Kurt and Ann, our neighbors across the street, are calling it quits and putting their home up for sale. They're the last of the neighbors here that we could reasonably call friends, at least enough that we'd have informal chats over a beer, without the need to have planned in advance.
I haven't realized until lately how much kids contribute to the relationships parents have with one another. They're the ones who end up introducing us to the people who will be our friends and bonds that are first formed by the common cause -- our kids.
When the kids disappear, a mechanism disappears, too and one day you wake up and realize that you don't really know anybody anymore.
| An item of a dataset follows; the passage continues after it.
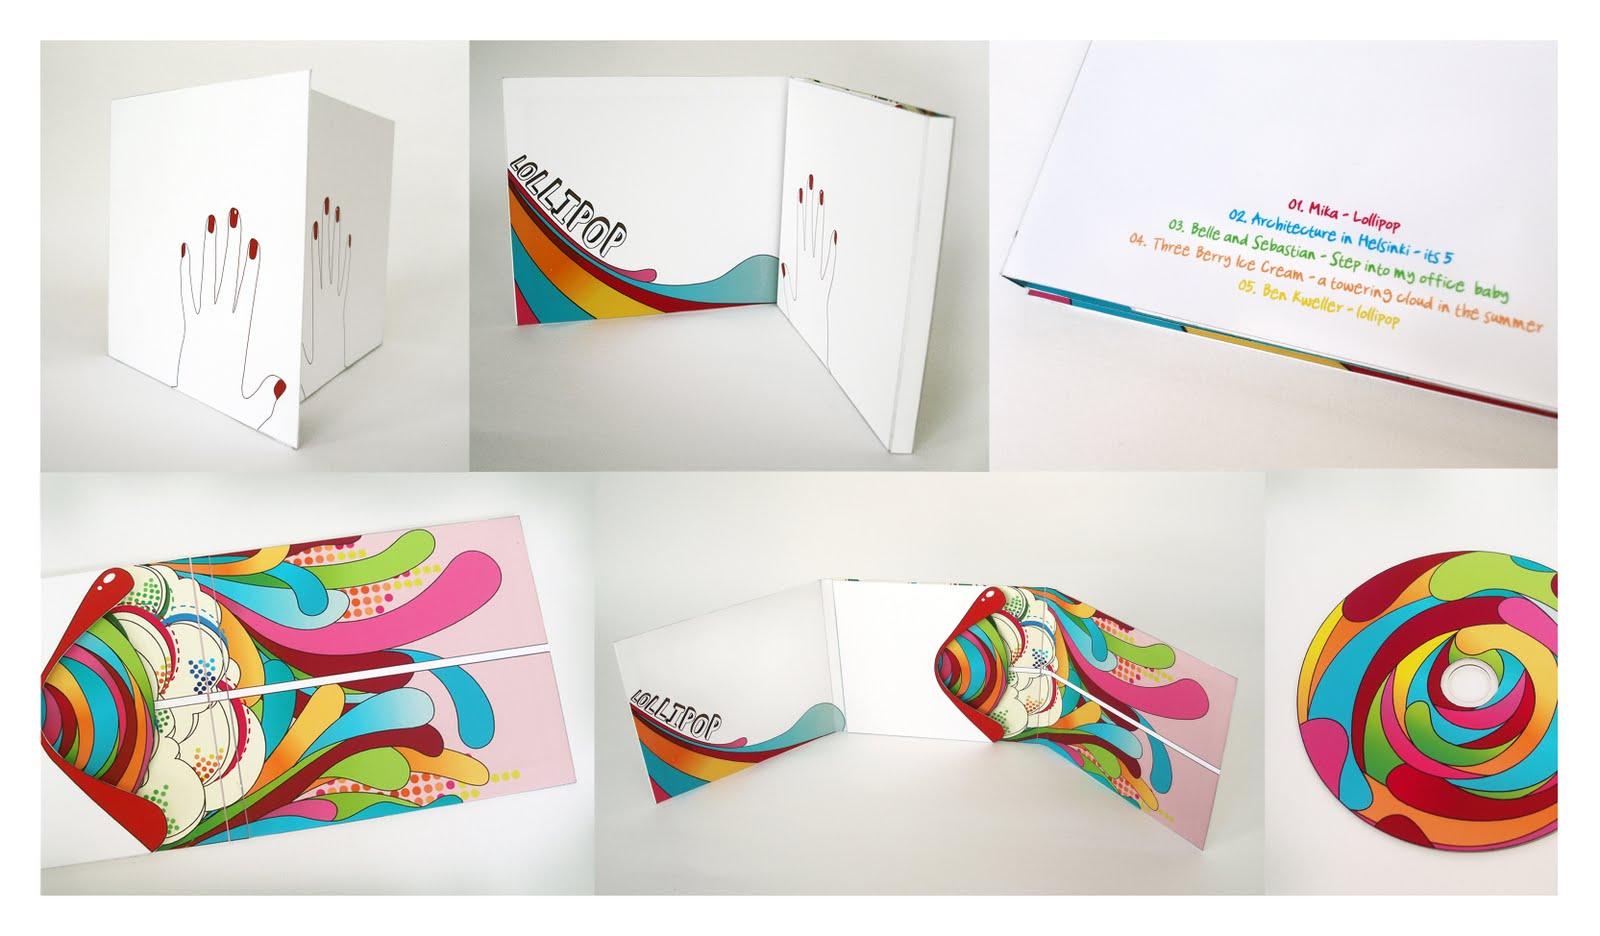 Estudio Logos   Recursos para Diseño Gráfico: Packaging, los mejores ...
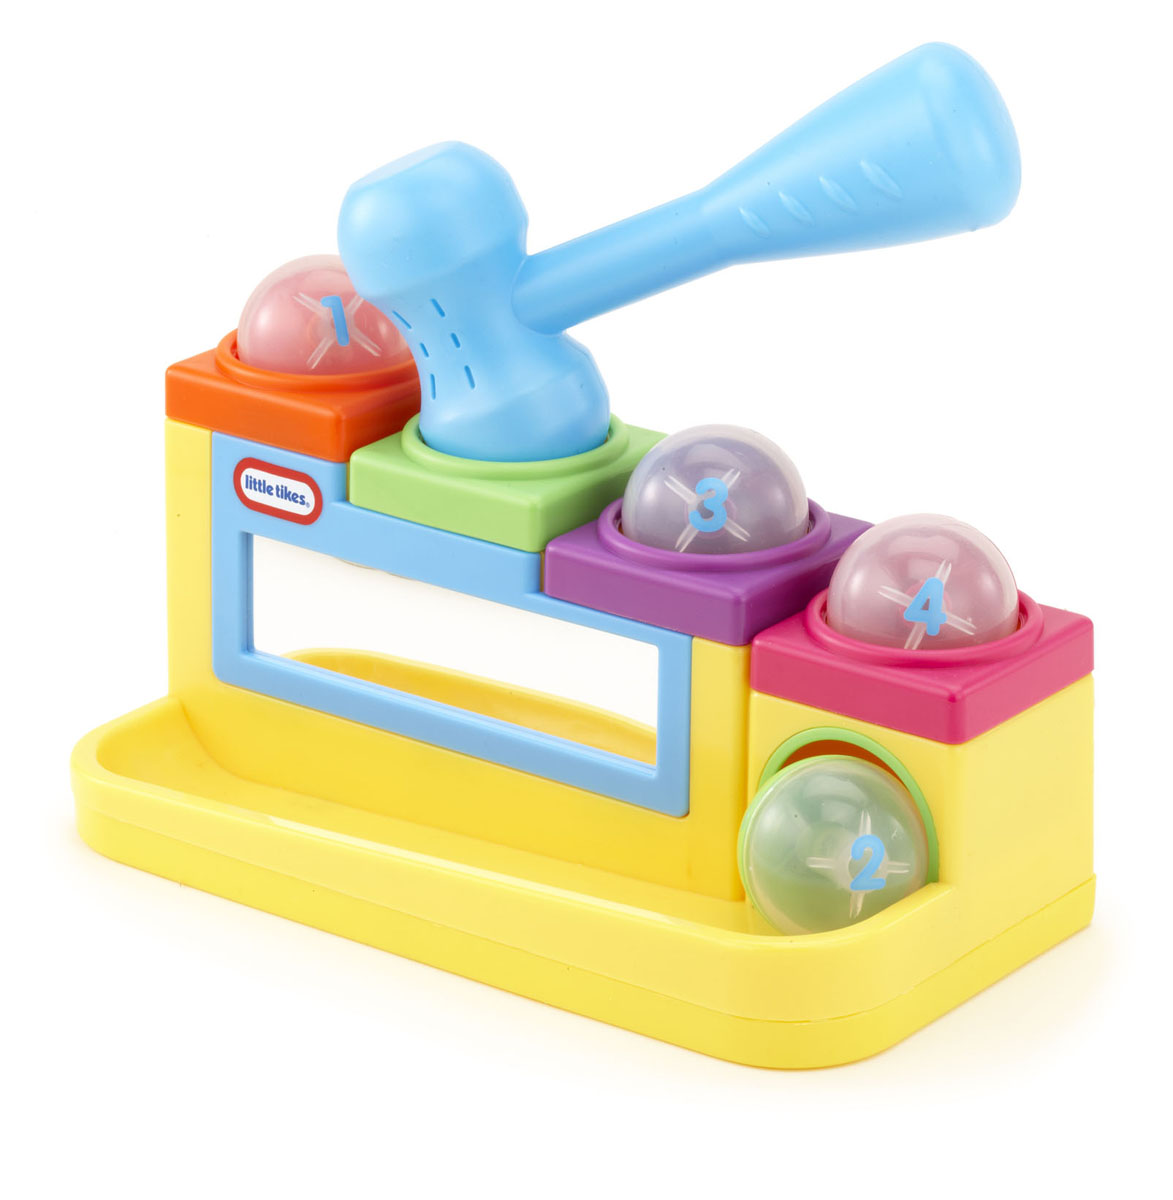 Развивающая игрушка Little Tikes Наковальня little tikes наковальня 634901

Take my onetime best friends, John and Debby. John was in our wedding. We've known each other since college. When we were deciding to move from Massachusetts to Minnesota years ago, one of the reasons for not moving -- after proximity to family -- was John and Debby.
A couple of years ago, their only son was killed early one Sunday morning. I didn't find out about it for a month and after traveling back to New England to see them, we haven't talked since. Phone calls, e-mails, and letters go unanswered. No kids, no friends. They've moved on.
"There's really no reason for us to stay here," I said to Carolie last night, making more of an observation than establishing a plan. Still, I'll miss sitting around on the bench with Kurt, as much as I miss the days when you could walk around the neighborhood and stop in for a chat.
The airport life, I hope, will take up part of that vacuum. Last night, I was over at the airport and decided to stop in at the hangar of David and Mary Maib, who are building an RV-10. There was no reason, other than to just say "hello." In this case, our "kids" are actually are airplanes -- or our airplane projects -- but the benefits are the same.
I feel bad for Kurt and Ann. I still feel bad for John and Debby. But in the darkness of an early morning, shocked awake by thoughts of disappearing friendships, I admit to mostly feeling bad for me.